Advisors

  • Courtney Bell

    Director, Wisconsin Center for Education Research, University of Wisconsin - Madison

  • David Lowenstein

    Co-Founder and CEO, Lionstone Consulting Group

  • Jan Plass

    Paulette Goddard Chair in Digital Media and Learning Sciences, Professor, and co-director of the Games for Learning Institute, New York University.

  • Susanna Pollack

    President, Games for Change

  • Robert Russell

    Program Director (retired), Directorate for STEM Education, US National Science Foundation

  • Jennifer Scianna

    PhD Candidate, Department of Curriculum and Instruction, School of Education, University of Wisconsin - Madison

  • Jeci Younger

    PBS KIDS

Steering Committee

  • David Gagnon

    is Director of Field Day Lab, an award-winning interdisciplinary team at the Wisconsin Center for Education Research at UW–Madison. Field Day games are played by millions of kids every year and have won numerous awards from Games for Change, The NETA Public Media Awards, Serious Play, and American Association of Engineering Educators. David has led over $10M in game research projects, has published over 30 research papers, and was the founding director of the Open Game Data project.

  • Sarah Gagnon

    is Studio Director at Field Day Lab, where she serves as producer and creative director. She founded the lab’s art and communications team and leads its work in design, user experience, and public engagement. Sarah ensures that Field Day games are not only rigorous research instruments but also compelling, beautiful, and accessible to broad audiences. She oversees game design projects, pitches new concepts, and manages how the lab’s work is shared through media and online platforms.

  • Laurel Haak

    is Founder and CEO of Mighty Red Barn, a consultancy focused on socio-tech entrepreneurship, research infrastructure, and social benefit strategy. She is the Founding Executive Director of ORCID, and has also held leadership roles at Discovery Logic, Thomson Reuters, and the U.S. National Academies. Trained in biology and neuroscience at Stanford with postdoctoral work at the NIH, Laure’s work has been recognized with the NIH Director’s Award and the Vietsch Medal of Honour.

  • Erik Harpstead

    is a Senior Systems Scientist in the Human-Computer Interaction Institute at Carnegie Mellon University, where he contributes to large research projects at the intersection of Learning Engineering and game design. His work focuses on design and analysis of educational games as well as novel interactive machine learning techniques for modeling the human learning process in complex domains. He oversaw development of Research Infrastructure software projects such as Apprentice Learner Architecture, which provides tools for simulating experiments of the human learning process, and Twitch Research Toolkit, which enables researchers to execute studies on the streaming platform while abiding by relevant research ethics regulations.

  • Jeremy Roberts

    is Managing Partner and Chief Science Officer at The Incredible Pear, where he leads projects focused on delivering big-data-driven learning analytics solutions tied to early education game-based learning.

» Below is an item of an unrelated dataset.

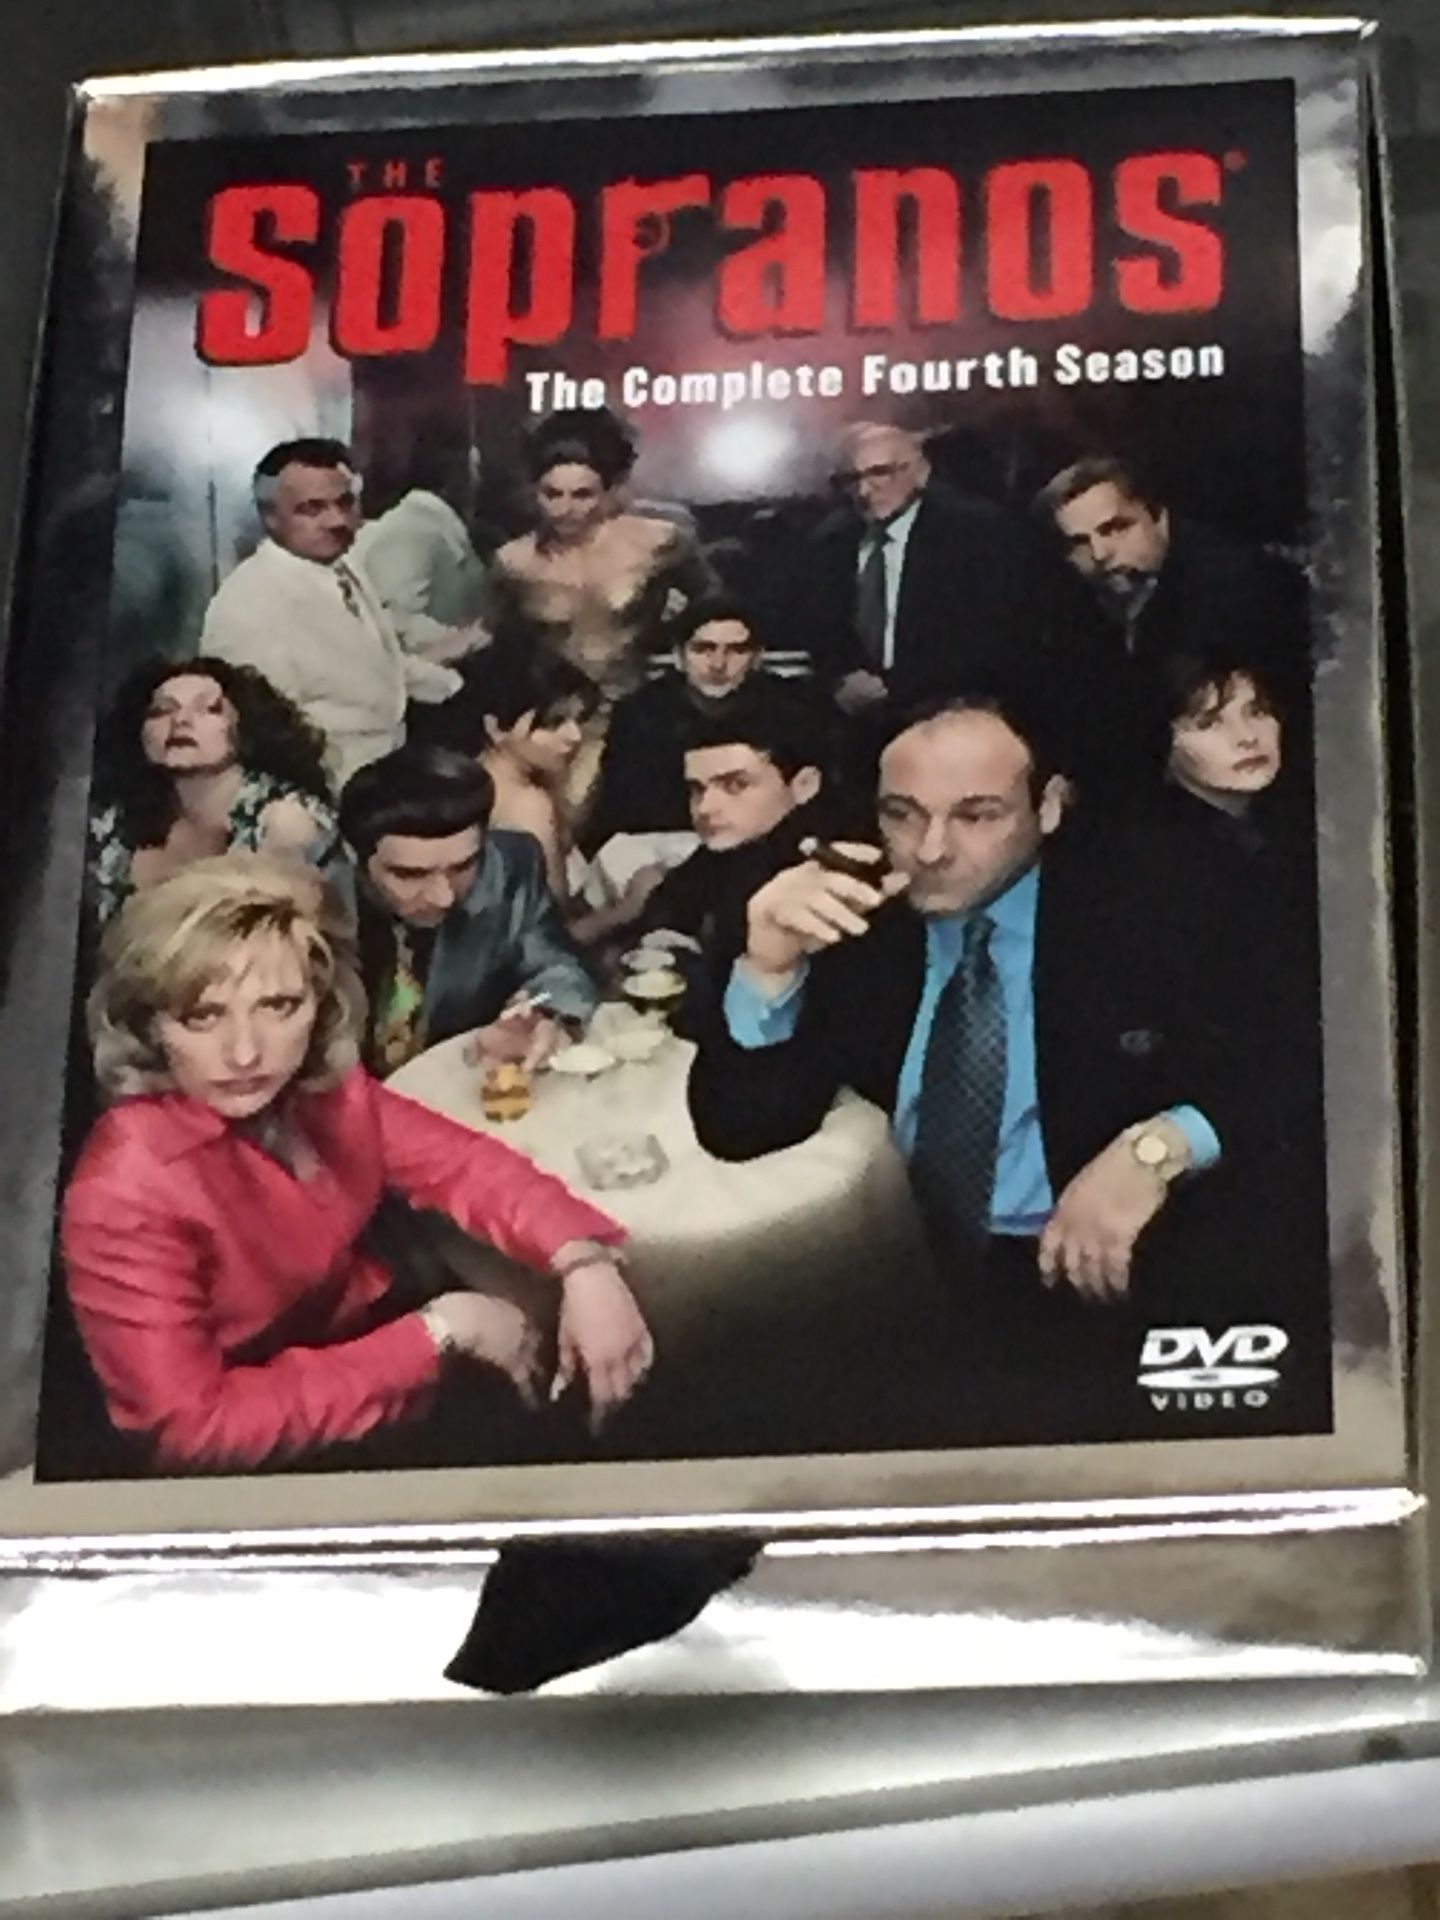 Sopranos 4 season dvd

Jeremy has served as the primary strategic coordinator between funding stakeholders, media production entities, engineering teams, University-based statistics and psychometrics teams, and professional researchers. As Senior Director of Learning Technologies for PBS KIDS Digital, Jeremy collaborated with award-winning content teams to integrate innovative technologies into PBS KIDS programming and platforms, advancing the educational impact and accessibility of children’s media. Jeremy is a strong proponent and supporter of open standards and open source development.

  • Magy Seif El-Nasr

    is UC Presidential Chair, Professor, and Department Chair of Computational Media at the University of California–Santa Cruz. Her research focuses on building frameworks for using virtual environments as evidence-based methodologies to understand human behavior, cognition, and social awareness. Magy has received research grants totaling over $6m, has published over 100 international peer reviewed articles. Among her commendations are four best paper awards and leadership and research excellence awards. Magy has ongoing industry collaborations with Electronic Arts, IgnitePlay, and Benshi.ai. Magy is the associate editor of IEEE Transactions on Affective Computing, IEEE Transactions on Games, and Human Computer Interaction.